保持部27M,27N内にボルト17が嵌め込まれた状態において、作業者は、受信感度が許容範囲内となるように、アンテナ本体200の電波受信面210(図1および図2等参照)を所定の方向に向ける。角度調整の作業時に突風が吹いた場合であっても、ボルト17が不意に保持部27M,27N内から外れてしまうことは効果的に抑制されている。したがって、取付装置30によれば、アンテナ本体200を壁面100に取り付ける際の作業性を向上させることができる。
上述のとおり、角度調整時には、複数の係合部11K(図6等参照)および複数の被係合部27K(図6等参照)同士は互いに断続的に係合し、複数の係合部12K(図6等参照)および複数の被係合部27L(図6等参照)同士も互いに断続的に係合する。断続的な係合によって、作業者は、角度調整時に、アンテナ本体200の回動量を調節し易く、かつ、所定の回動量で位置決めし易くなる。角度調整時に突風が吹いた場合であっても、アンテナ本体200が不意に回転してしまうことは効果的に抑制されている。

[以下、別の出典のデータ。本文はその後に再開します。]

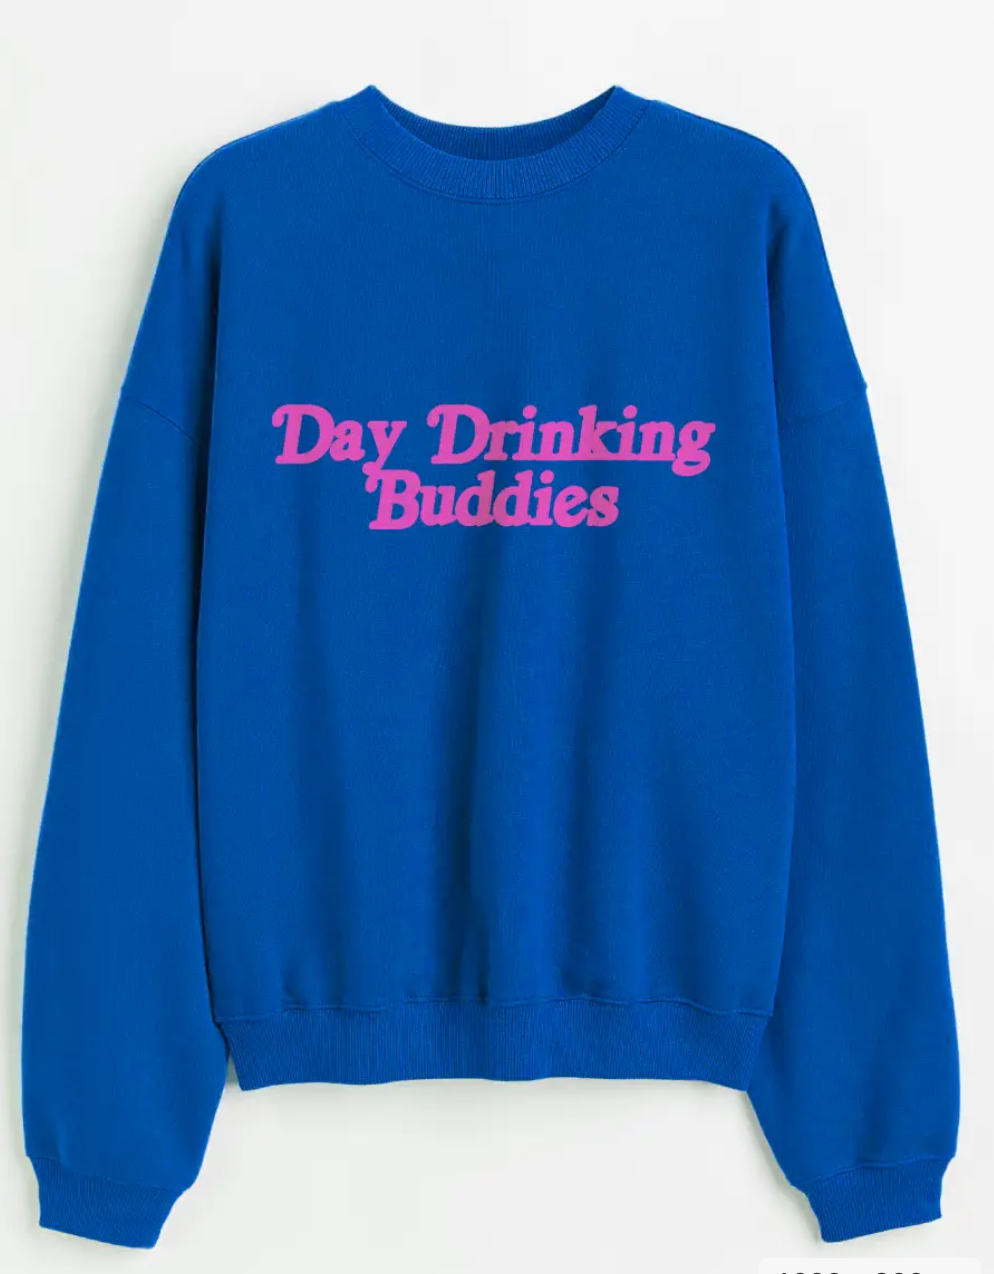 Day Drinking Buddies Sweatshirt - Blue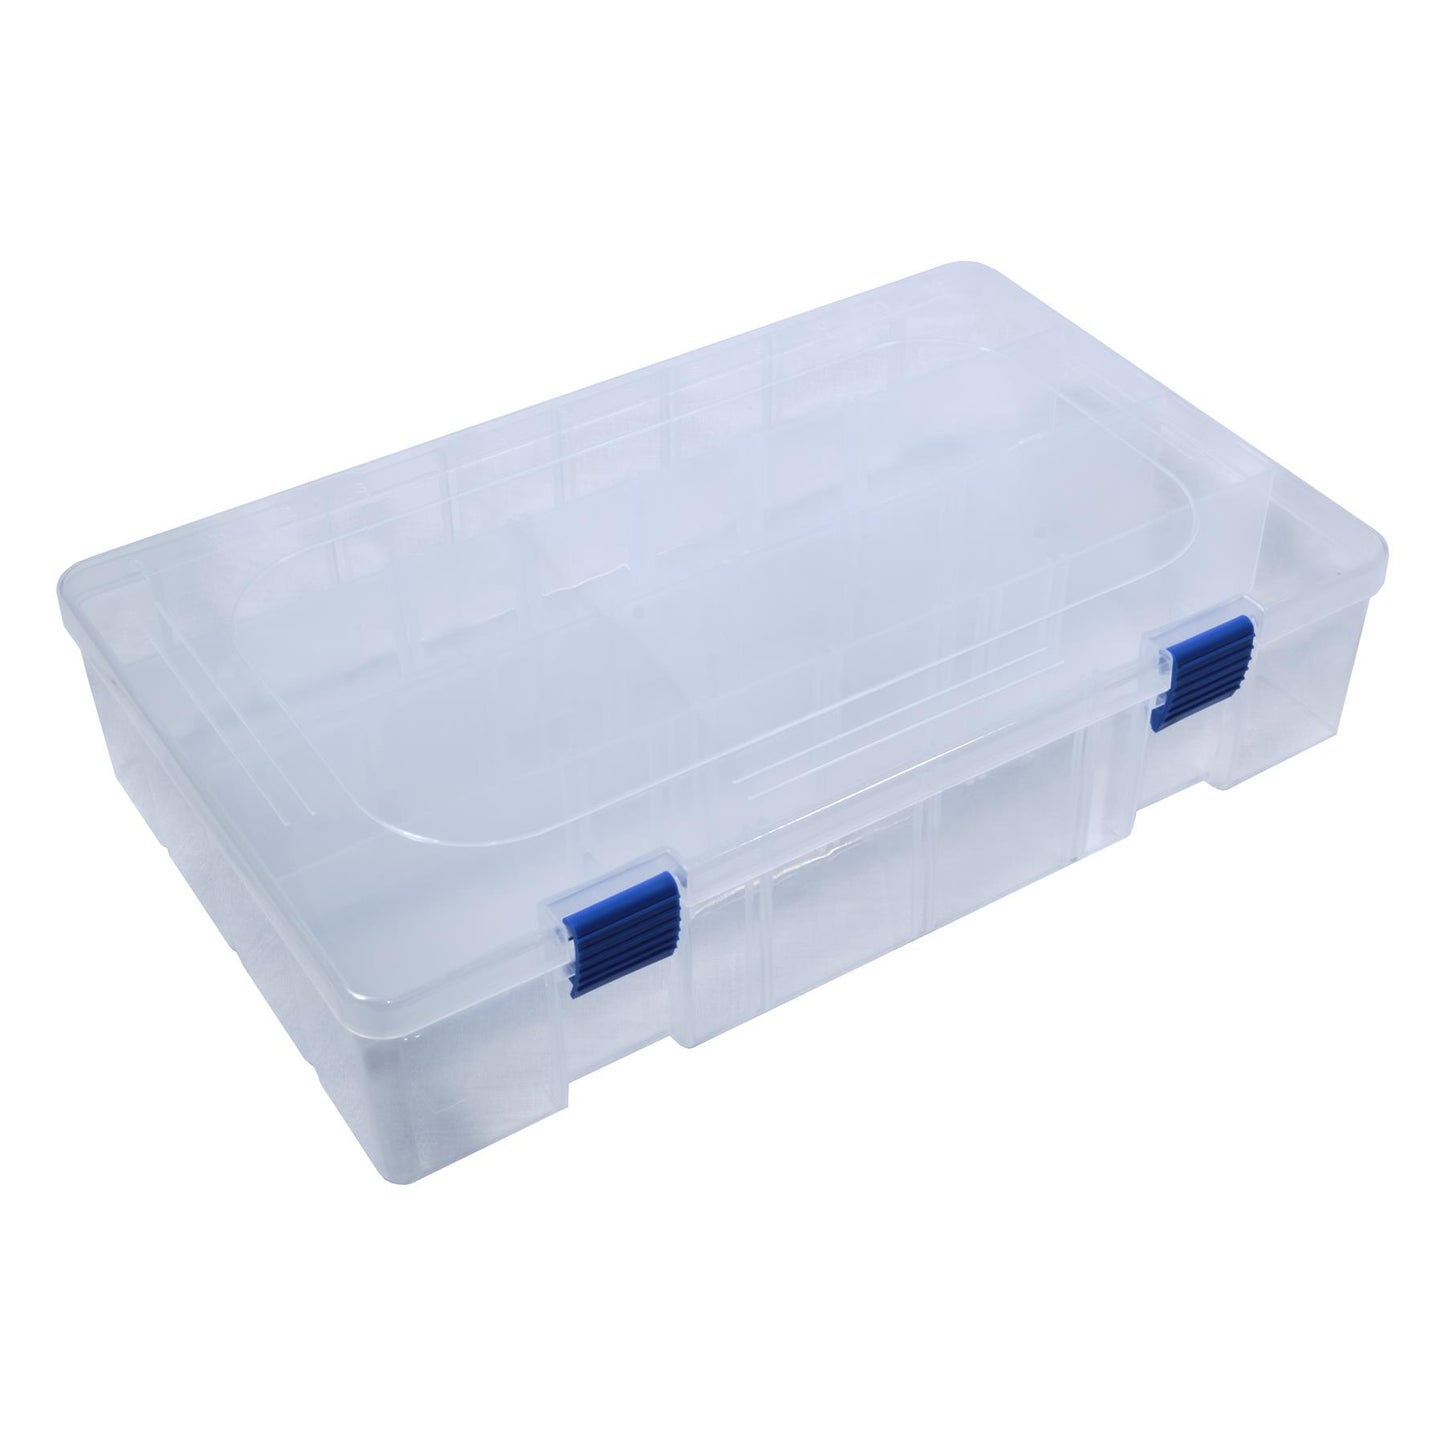 TronixPro Tackle Storage Box

アンテナ本体200の設置角度が定められた後、ボルト17が挿通孔11Hに対して所定の締め付けトルクで螺合するように、ボルト17を用いて第2取付具20は第1取付具10に対して固定される。ボルト17の締結によって、延在部21が延在部11とリングワッシャー14との間で挟持されるとともに、延在部22が延在部12とリングワッシャー18との間で挟持される。アンテナ本体200に設けられた第2取付具20が壁面100に設けられた第1取付具10に取り付けられた状態は、ボルト17の締結によって保持されることとなる。
以上説明したように、壁面100にアンテナ本体200を取り付ける際、本実施の形態における取付装置30が用いられることによって、作業効率をさらに向上させることが可能となる。
図35を参照して、本実施の形態における取付装置30においては、保持部25Mが設けられている位置と受入部24Mが設けられている位置とは、スライド移動部28P,28Qの長手方向(図35の紙面左右方向)において互いにずれている。
ボルト17が、保持部25M,25N内に配置されているとする。この状態で壁面100に固定された第1取付具10から第2取付具20およびアンテナ本体200を引き抜く際、突起部25Tによる上記のスナップ感が発生した後、保持部25M,25Nはボルト17に対して引き抜かれる(矢印AR3参照)。
取付装置30においては、所定の勢いを持って保持部25M,25Nがボルト17に対して引き抜かれた場合であっても、壁面100側に固定された第1取付具10のボルト17にスライド移動部28Pが当接する(矢印AR4参照)。壁面100に取り付けられた第1取付具10から第2取付具20およびアンテナ本体200が勢い余って取り外されてしまうことが抑制されている。取付装置30によれば、ボルト17を保持部25M,25Nから保持部26M,26Nに移動させたり、ボルト17を保持部25M,25Nから保持部27M,27Nに移動させたりするさいの作業性の向上も図られている。
以上、本発明に基づいた実施の形態について説明したが、今回開示された実施の形態はすべての点で例示であって制限的なものではない。本発明の技術的範囲は特許請求の範囲によって示され、特許請求の範囲と均等の意味および範囲内でのすべての変更が含まれることが意図される。